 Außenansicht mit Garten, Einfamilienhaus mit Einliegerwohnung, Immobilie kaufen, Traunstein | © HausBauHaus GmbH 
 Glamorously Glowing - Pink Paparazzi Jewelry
--
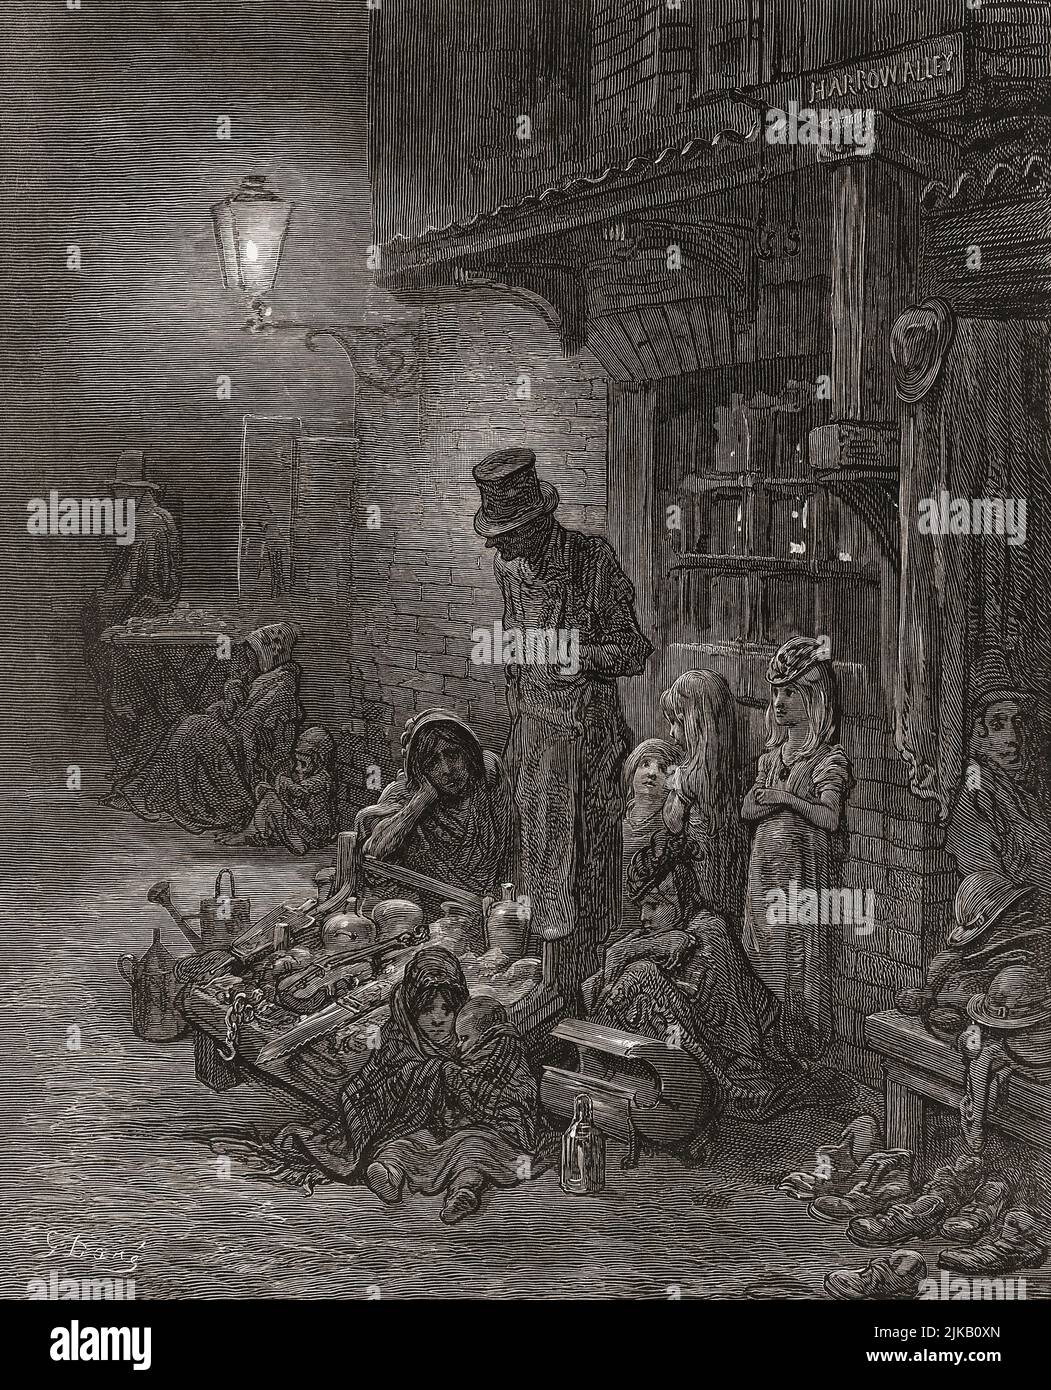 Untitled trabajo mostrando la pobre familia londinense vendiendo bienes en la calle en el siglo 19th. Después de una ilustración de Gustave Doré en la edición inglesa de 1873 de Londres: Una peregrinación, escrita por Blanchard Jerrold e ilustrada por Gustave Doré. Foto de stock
==
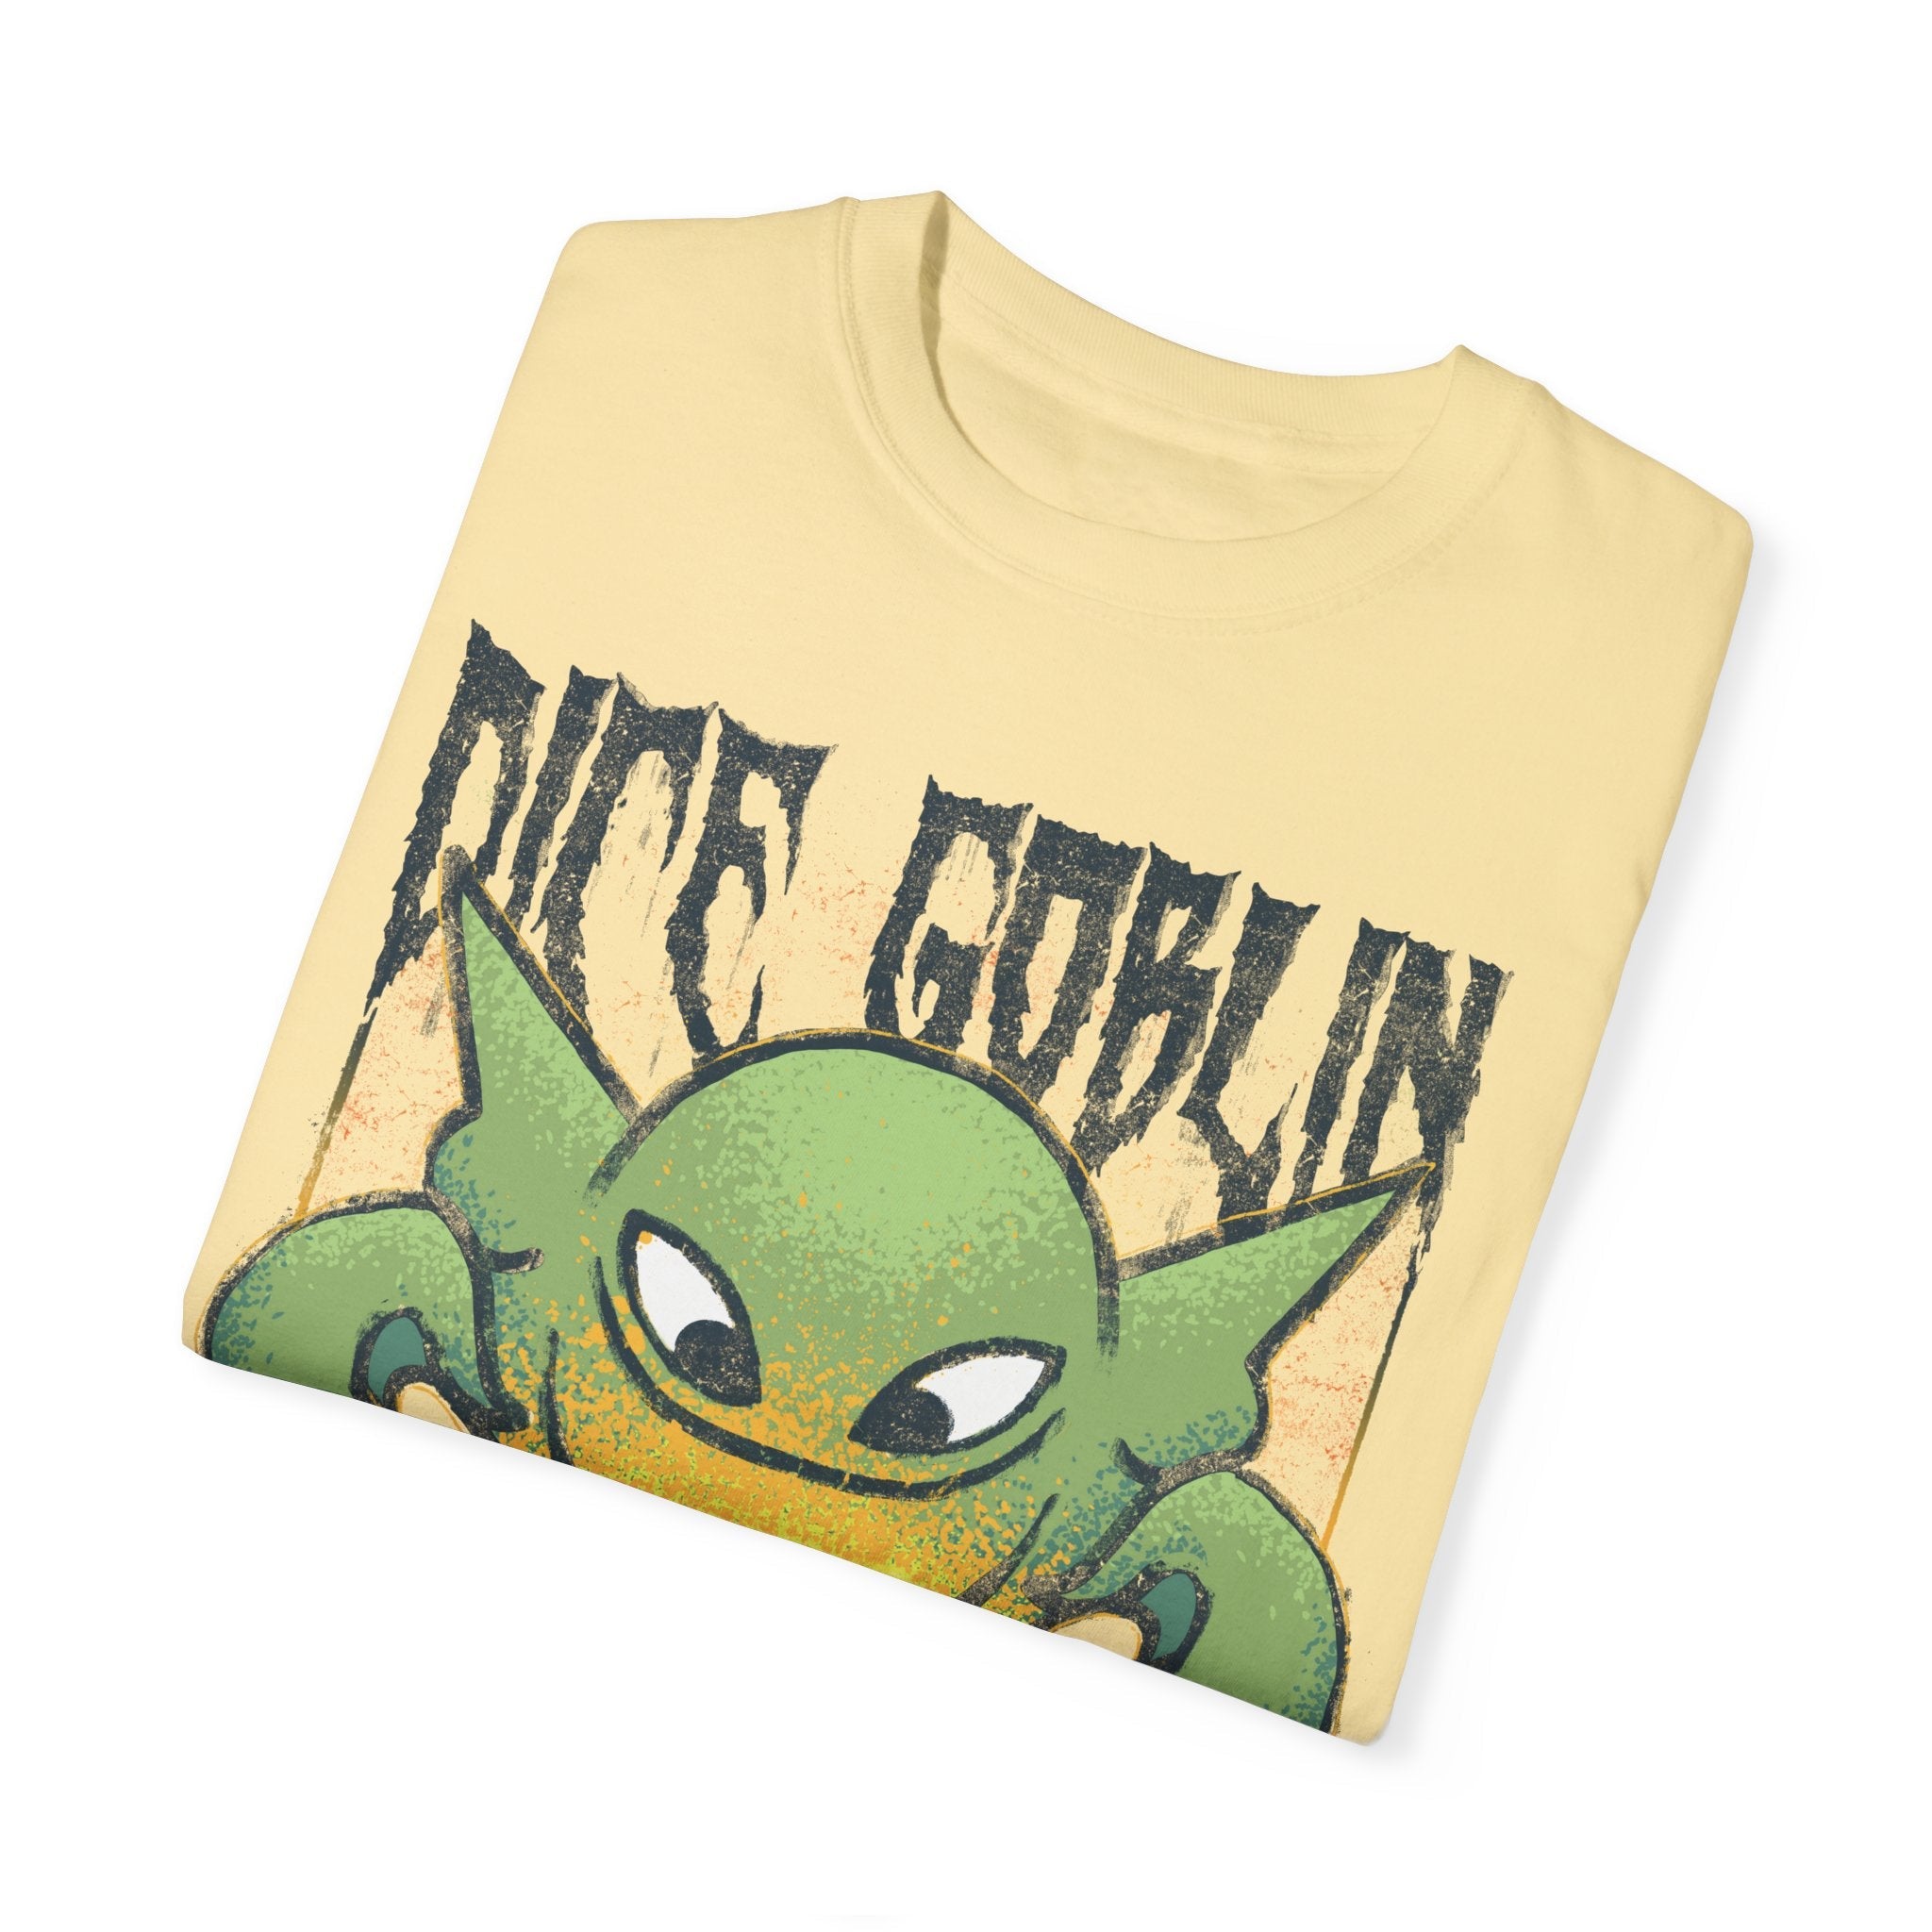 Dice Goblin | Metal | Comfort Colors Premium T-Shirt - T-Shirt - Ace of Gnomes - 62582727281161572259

» Problem statement
Both the line containing "Außenansicht mit Garten, Einfamilienhaus" and the line containing "Glamorously Glowing - Pink Paparazzi Jewelry" belong in the answer. Print them and every line above that falls between them exactly, and no others.

» Finished exercise
 Außenansicht mit Garten, Einfamilienhaus mit Einliegerwohnung, Immobilie kaufen, Traunstein | © HausBauHaus GmbH 
 Glamorously Glowing - Pink Paparazzi Jewelry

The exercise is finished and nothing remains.